Syntax of Refresh Metadata for partitions

Hello,

I’m testing the usage of manual refresh metadata for specific partitions. My datasets has four partition levels (dir0, dir1, dir2, dir3 - year, month, day, hour). There is any way to refresh metadata for a specific month or day? For example like this:

ALTER TABLE "mydataset" REFRESH METADATA FOR PARTITIONS ( "dir0" = '2021' AND "dir1" = 'November' AND "dir2" = '8');

or

ALTER TABLE "mydataset" REFRESH METADATA FOR PARTITIONS ( "dir0" = '2021' AND "dir1" = 'November' AND "dir1" = 'October');

I have tested, but this is not the correct syntax and I don’t found any example of usage with more than one partition level.

Try comma separated values, like:

ALTER TABLE "mydataset" REFRESH METADATA FOR PARTITIONS ("dir0" = '2021', "dir1" = 'November', "dir2" = '01', "dir3" = '01');
ALTER TABLE "mydataset" REFRESH METADATA FOR PARTITIONS ("dir0" = '2021', "dir1" = 'October', "dir2" = '01', "dir3" = '01');

Note that a command must include all partition levels.

Thanks, @lenoyjacob!

This syntax did not give an execution error, but seems this is refreshing metadata for all dataset. For example, I have run this command:

ALTER TABLE "mydataset" REFRESH METADATA FOR PARTITIONS ( "dir0" = '2021',  "dir1" = 'November', "dir2" = '9', "dir3" = '11');

But the metadata for partition 2021/November/9/12 was also refreshed. Furthermore, the execution time for this refresh was very like to a commom refresh (without specify the partition). This behavior was repeated 3 times with another partitions, so that seems not the expected behavior.

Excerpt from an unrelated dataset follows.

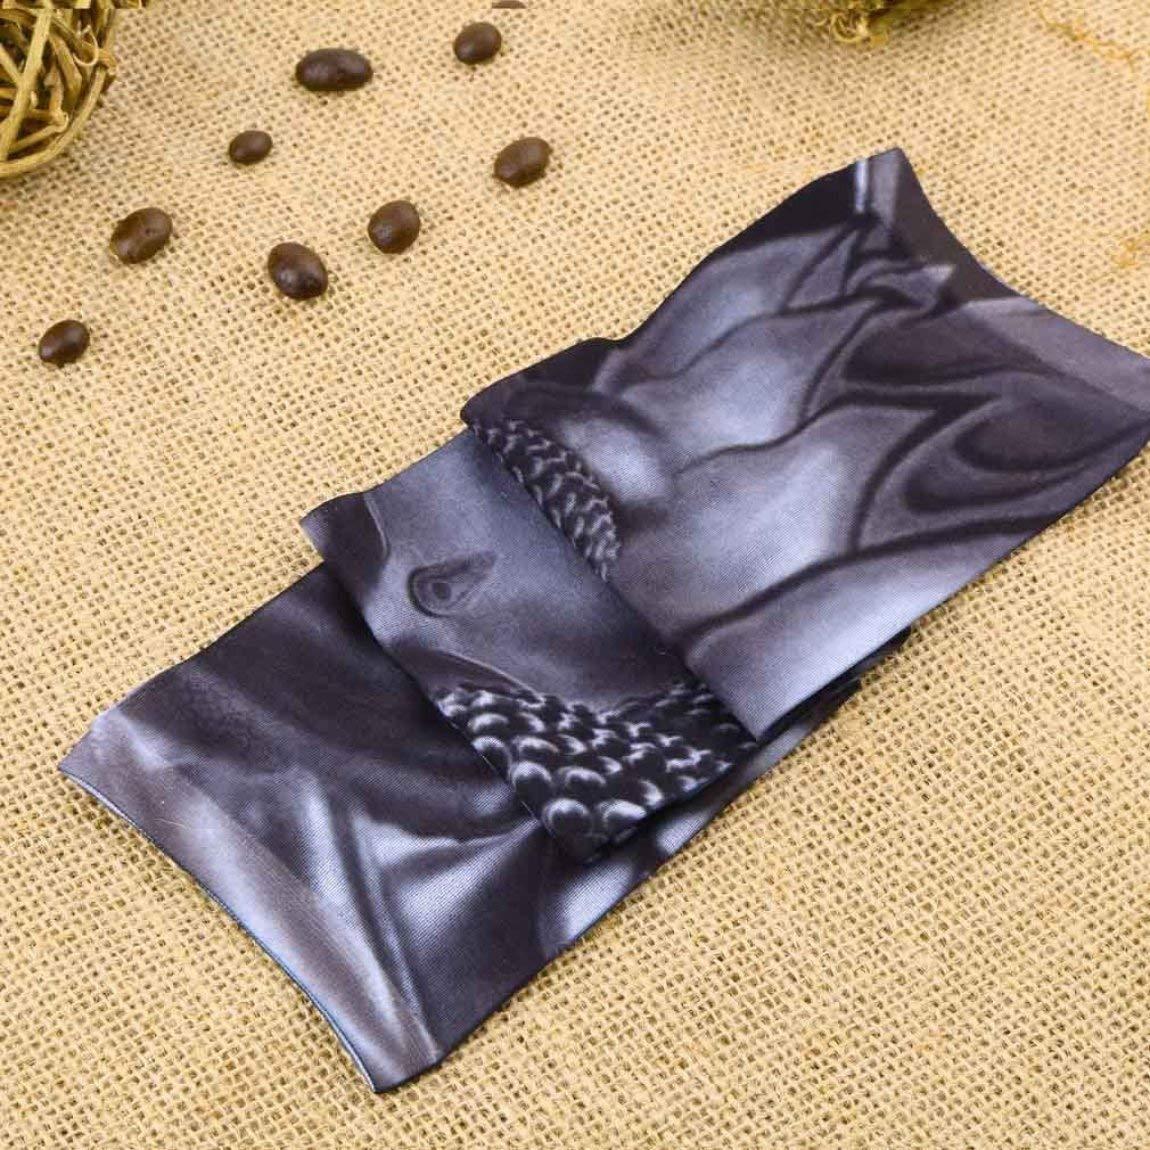 Color tama/ño: W18 73JohnPol 1 Pieza Tatuaje Falso El/ástico Brazo Manga Medias de Brazo Deporte Pieles Protector Solar Impermeable Unisex Hombro Manga de Tatuaje Hombre Mujer

@eduardoslopes The background refresh would refresh all new partitions and all changed partitions. Is it possible the background metadata refresh would have completed before your ALTER PDS?

@balaji.ramaswamy I think this is not happening, because I have changed the metadata refresh interval to 24 hours to avoid this possibility. As I have tried to do manual refresh several times, I think this is not possible.

@lenoyjacob @balaji.ramaswamy Have you any idea how to solve that?

Hey @eduardoslopes. I’m unable to reproduce what you are seeing. I’ve got a dataset with two sets of partitions 2021/09/29/14 and 2021/09/30/14.

Check count of existing records:

It’s got 5000 records per partition. Let’s add a new parquet file to both partitions via AWS S3.

Let’s refresh metadata only 2021/09/29/14. Expectation is to see only the count for this partition to increase.

Check count again.

As you can see only the count in 2021/09/29/14 changed. The other partition count remained the same despite adding a new file.

Hello @eduardoslopes,

I had similar issues. For me, the root cause was that I was testing the functionality in a local container with distStorage set to “local”. Incremental metadata refresh only works if you’re using a non-local distStorage location (Dremio stores the Iceberg metadata there).
Unfortunately, the syntax works fine, there is no error thrown, but the behavior is just not what you’d expect.

Thanks, Tim

@tid Thanks a lot for catching that,

@eduardoslopes That is correct, to benefit all features of unlimited splits and Iceberg data, the metadata or dist store needs to got to a distributed storage liek S3/HDFS/Azure Storage

Thanks @lenoyjacob @tid @balaji.ramaswamy,

My test enviroment are already using distStorage to a S3 bucket. Maybe my issue is because my data are json formatted. That makes sense? Are this features available only for iceberg formatted datasets?

Hi @eduardoslopes,

that is most likely the root cause.
The release notes (Dremio) say:

(quoting)
When preview access is activated, the split limitation is removed for the following types of datasets:

  • FileSystem sources (S3, ADLS, HDFS) using:
    • Parquet formatted tables
    • Iceberg formatted tables
    • Delta Lake formatted tables
  • Hive sources (Hive 2 and Hive 3) using:
    • Parquet formatted tables
    • Avro formatted tables
    • ORC formatted tables (non-transactional only)

(end of quote)

Best regards, Tim

Thanks @tid,

This is probably the problem, but the release notes did not correlate the section Unlimited Splits with the section that explain about manual metadata refresh. So I thought there was no dependency between the features.

@balaji.ramaswamy @tid @lenoyjacob there is any plan to implement this metadata refresh improvements also for json formatted datasets on future versions?